Cartgo est est la recherche d'une technicien en muséologie pour participer au montage d'exposition, concevoir des emballages muséologiques et pour la fabrication de caisse de transport.

Qualification et exigences:
-Détenir une technique en muséologie ou équivalence
-Expérience pertinente en fonction de l'emploi (minimum 3 ans)
-Connaissance des normes muséologiques
-Minutie, précision, souci du détail
-Débrouillardise et autonomie
-Flexibilité et adaptabilité
-Sens de l'organisation et des responsabilités
-Créativité et habileté à résoudre divers problèmes
-Discrétion et professionnalisme
-Capacité à travailler en collaboration avec divers intervenants
-Forme et bonne force physique pour manipuler des charges lourdes
-Conaissance des outils et équipements d'un atelier de menuiserie (fabrication de caisse de transport, mobilier d'exposition, entretien des équipements)
-Emballage et déballage d'oeuvre d'arts et d'artefacts
- Montage d'exposition
- Connaissance de la langue française

Poste à temps plein à compter de la mi-août (possibilité de temps partiel en juillet)

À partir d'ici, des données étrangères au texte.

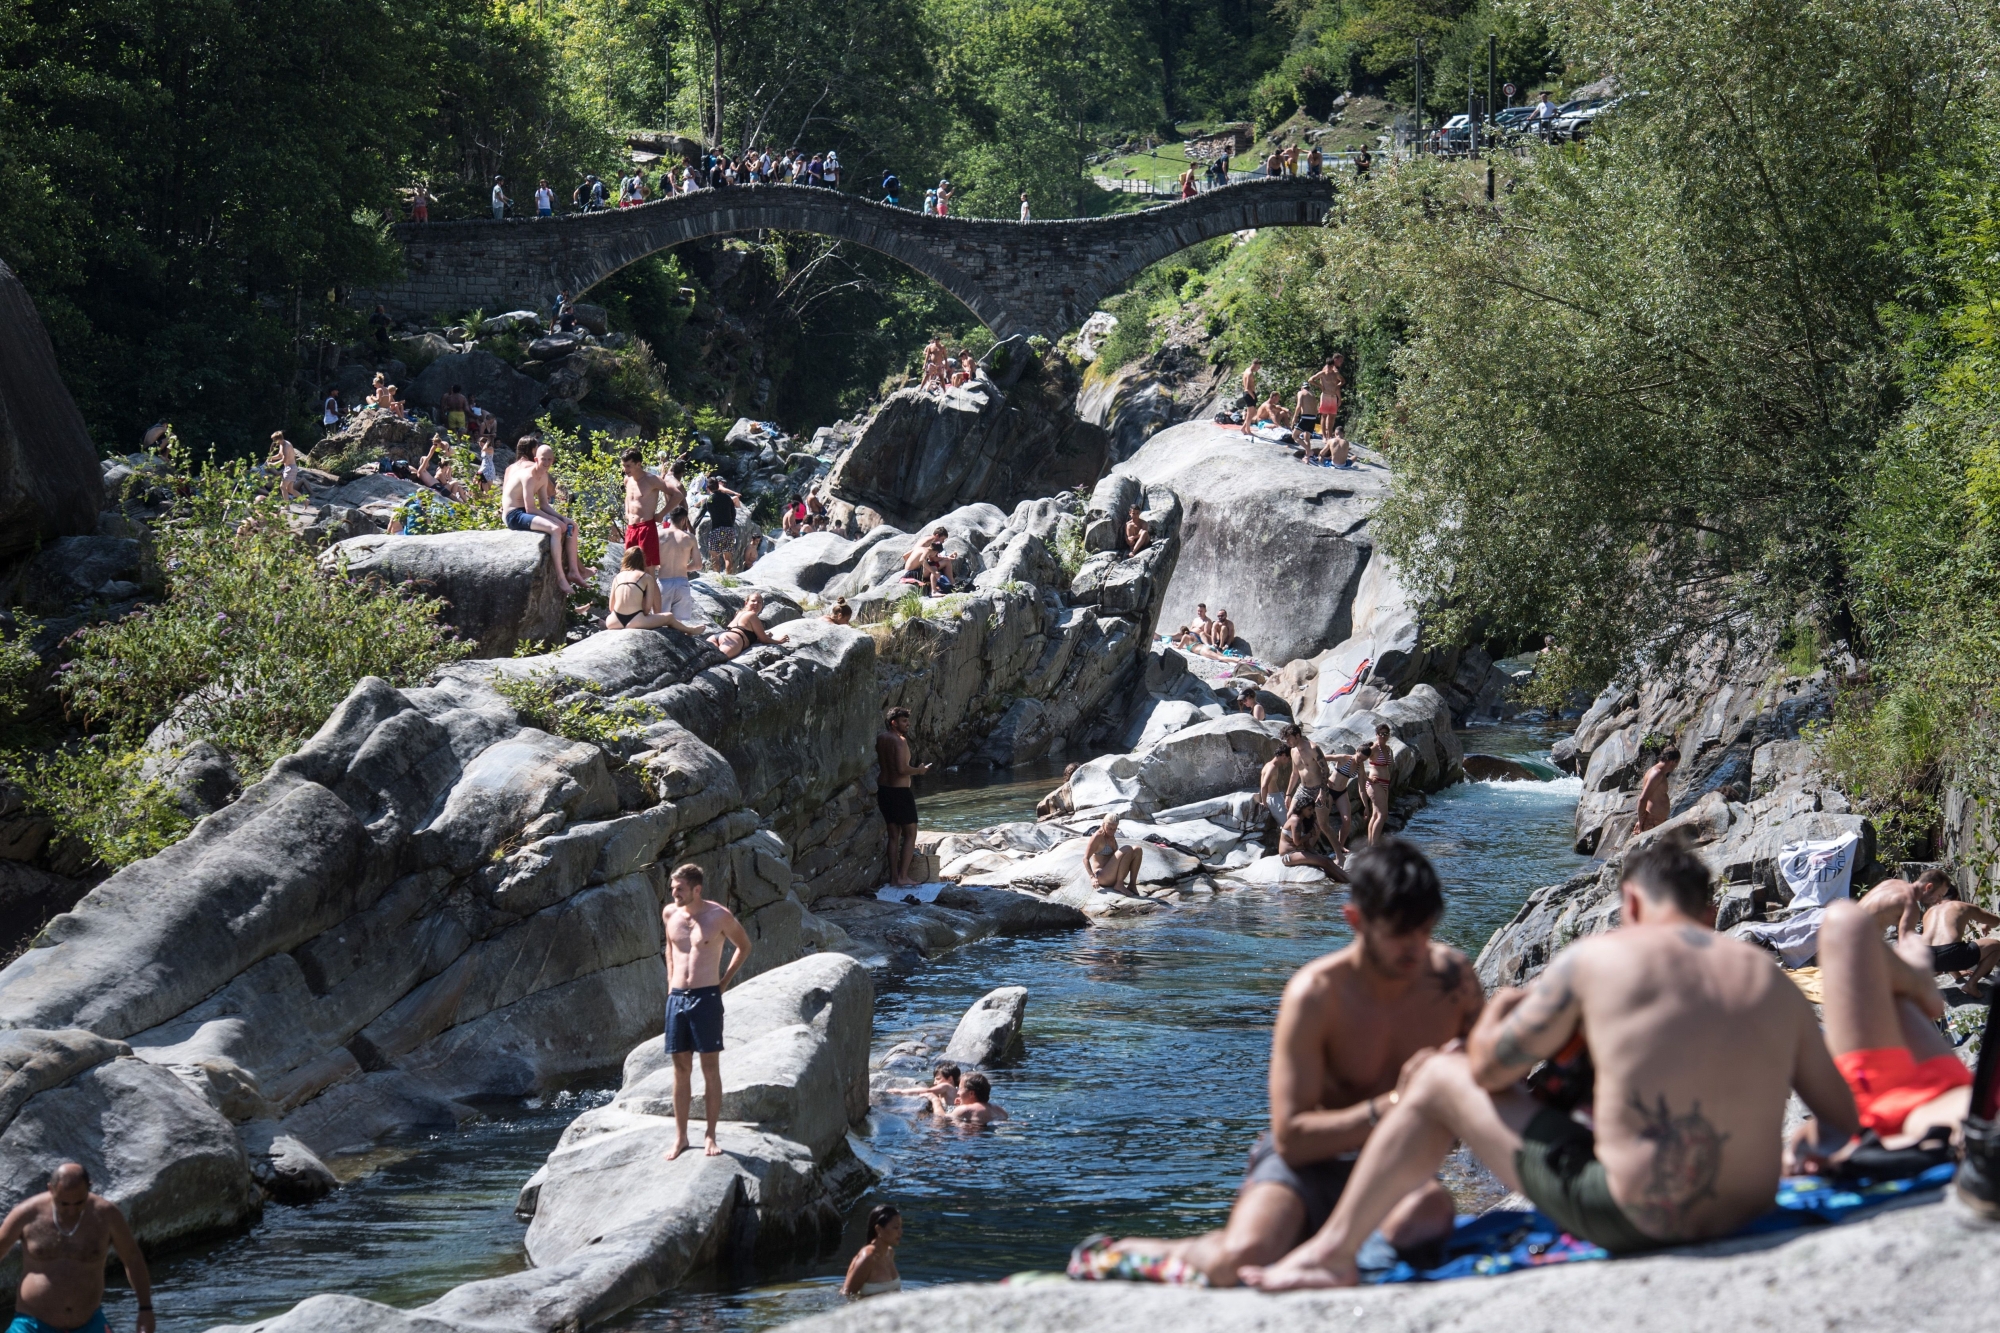 Le "Pont des Sauts" du Val Verzasca, et les eaux turquoises de la rivière sont célèbres de par le monde pour leur beauté sauvage.

Horaire de travail : du lundi au vendredi (35 heures)

Les candidats et candidates doivent acheminer leur candidature par courriel (info@cartgo.ca) avant le 8 juillet. 

www.cartgo.ca

----------


## T. Ashley McGrew

I would venture to presume that proficiency in the French language is highly desirable to qualify for this position.

----------


## Paul Brewin

Google Translate, voila:

Museology technician, Montreal, Quebec 

    Description of job: 
    Cartgo  museum service is a company located in Montreal, Quebec, which provides  packaging of works of art, mount exhibitions, transportation and  storage museum. 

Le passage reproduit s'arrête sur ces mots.